At trial, counsel for the parties vigorously disputed how many sets of keys there were, when and where the keys were recovered, which ones were in evidence, and so on.  Each lawyer disagreed with the other’s characterization of the evidence, but both seemed to have a basis in the evidence for their positions.  There was no misconduct.  Judge Gull reminded the jury it should rely on its own memory of the evidence to sort out this dispute giving the matter the attention it warranted.

  

  

II.Evidence of Prior Altercation Between

Defendant and Victim

Defense counsel claims error in the admission of evidence of “a prior physical altercation between Mr. Cassell and Mr. Phillips.”  (Appellant’s Br. at 15.)  He argues that the evidence is inadmissible under Indiana Evidence Rule 404(b).  

Rule 404(b) provides that evidence of other misconduct may not be admitted to prove that a defendant acted in conformity with a certain character trait.  The rule was designed to prevent finders of fact from assessing present guilt on a defendant’s past propensities.   Hicks v. State , 690 N.E.2d 215 (Ind. 1997).  Evidence of such misconduct may, however, be admissible for “other purposes,” such as proof of intent or motive.  Evid. R. 404(b).  The State asserts that evidence of the altercation between Phillips and Cassell is admissible to prove that Phillips intended or had motive to murder the victim.  

The analysis of admissibility under Rule 404(b) incorporates the relevancy test of Rule 401 and the balancing test of Rule 403.   Hicks , 690 N.E.2d at 221.  First “the court must determine that the evidence of other crimes, wrongs, or acts is relevant to a matter at issue other than the defendant’s propensity to commit the charged act; and [second,] the court must balance the probative value of the evidence against its prejudicial effect pursuant to Rule 403.”   Id.  

Relevant evidence is that which has any tendency to make a fact of consequence more or less probable.  Evid. R. 401.  The fact that Phillips fought with Cassell less than one week before he killed him certainly has some tendency to make it more probable that the killing was intentional.  The evidence shows “the relationship between the parties and, more precisely, a ‘paradigmatic motive’ for committing the crime—hostility.”   McEwen v. State , 695 N.E.2d 79, 87-88 (Ind. 1998) (quoting Hicks , 690 N.E.2d at 222).  We therefore move along to the issue of the probative-prejudicial balance.

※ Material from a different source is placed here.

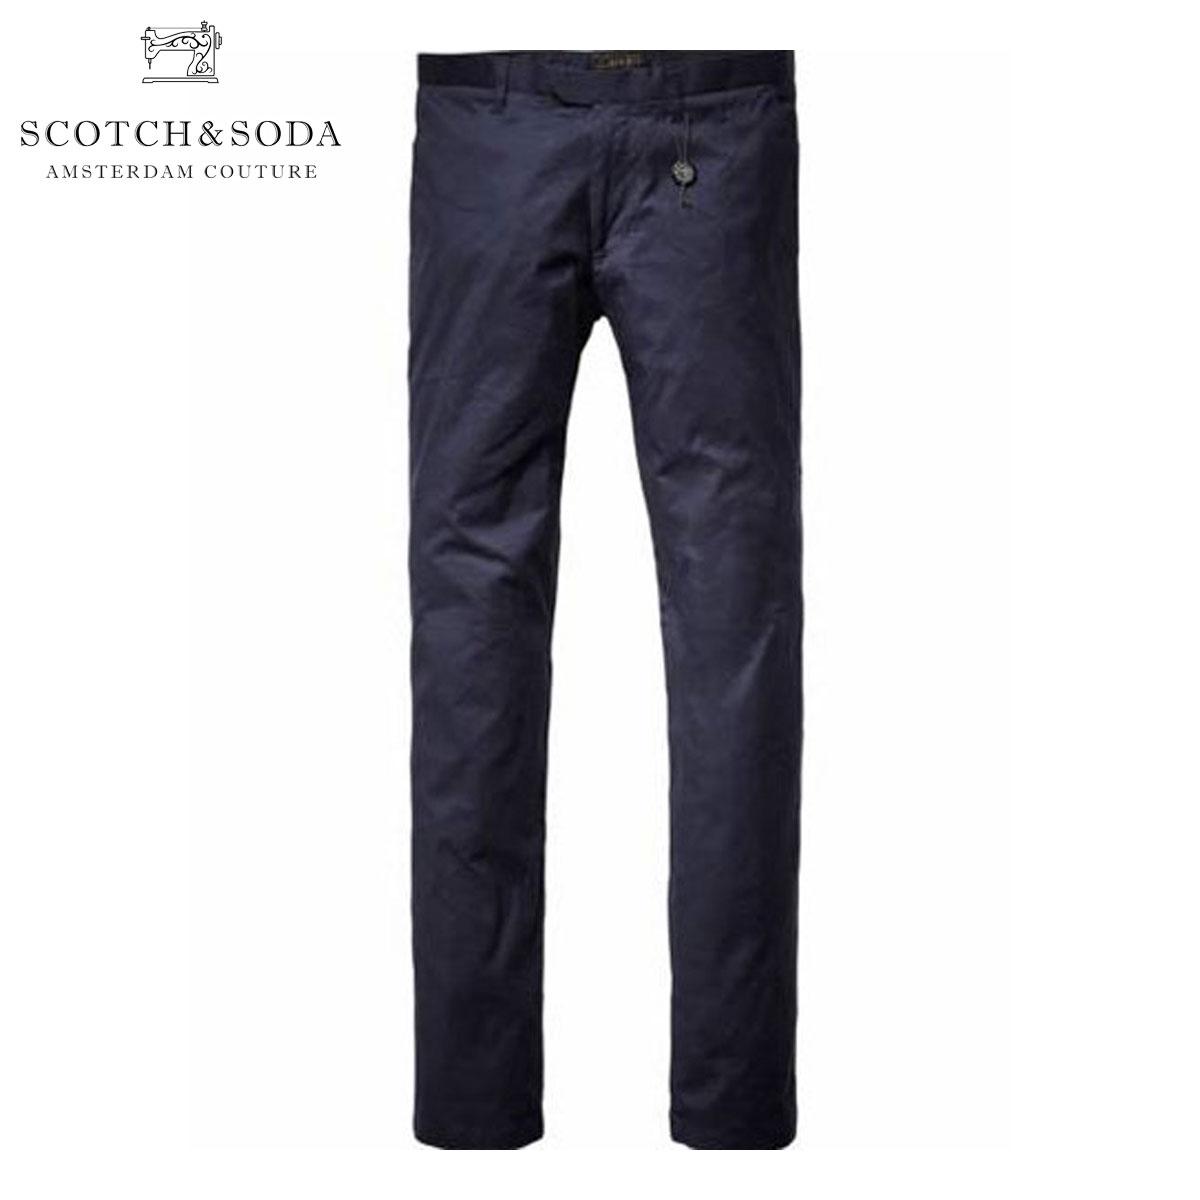 スコッチアンドソーダ SCOTCH&SODA 正規販売店 メンズ ロングパンツ Dress pant in satin look 80030 57 NAVY D15S25
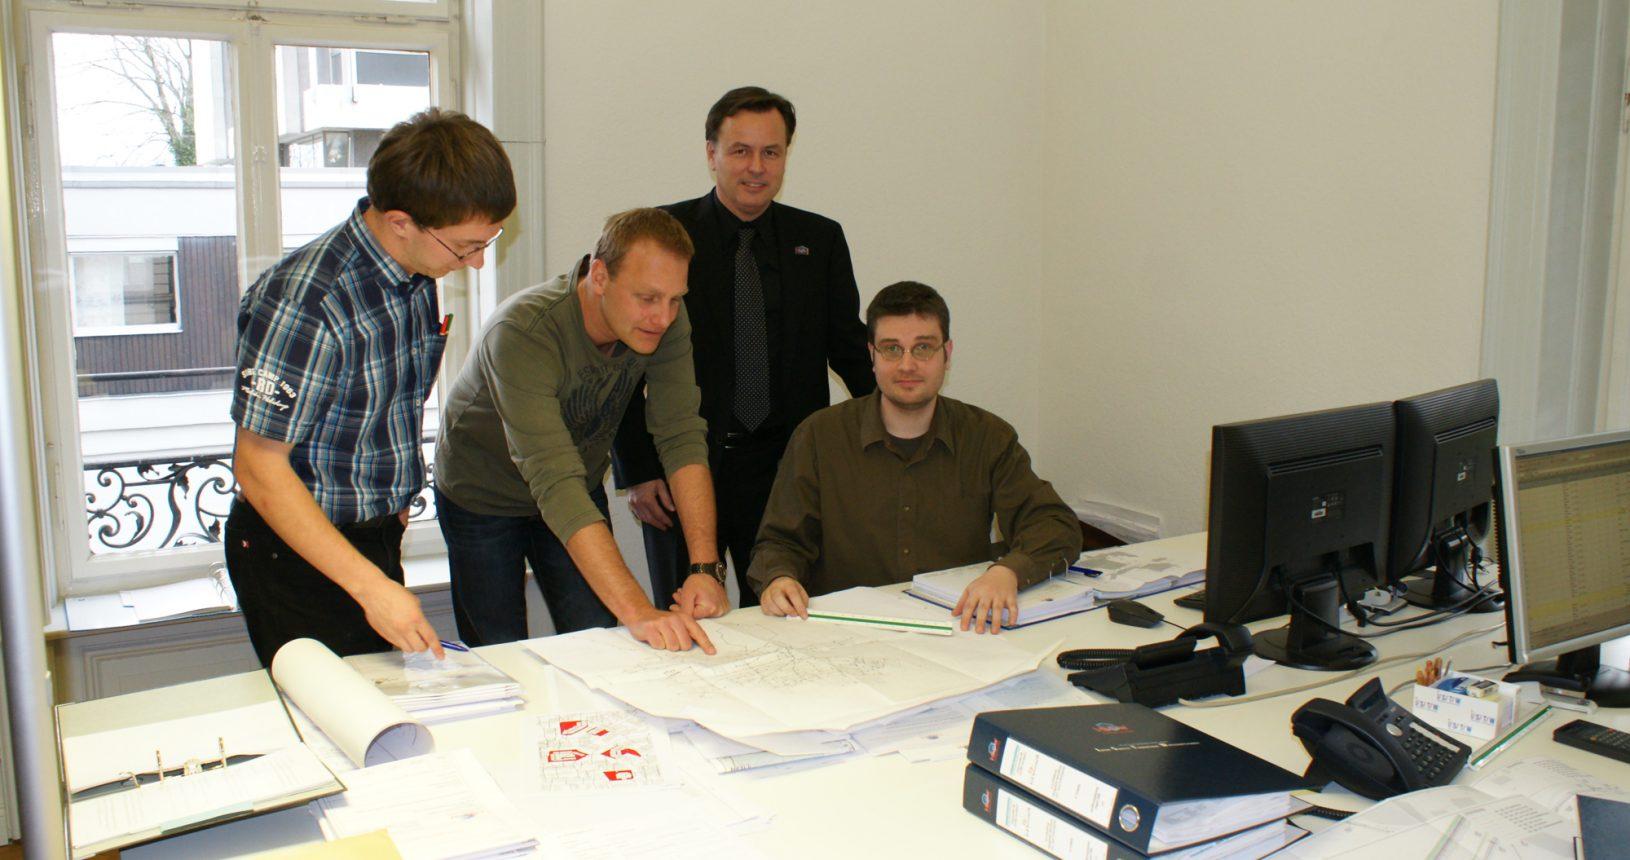 Mitarbeiter ISTW Ludwigsburg und U. Blankenhorn

Relevant evidence is admissible unless its probative value is substantially outweighed by the danger of unfair prejudice.  Evid. R. 403.  We review this balance for an abuse of discretion.   Hicks , 690 N.E.2d at 223.  We cannot say that the trial court abused its discretion here.  While the information may have been slightly prejudicial, the evidence was highly probative of Phillips’ animosity toward the victim, his motive, and his intent to kill, as the State asserts.  The evidence was properly admitted.

Conclusion

For the foregoing reasons, we affirm Phillips’ conviction.

Dickson, Sullivan, and Boehm, JJ., concur.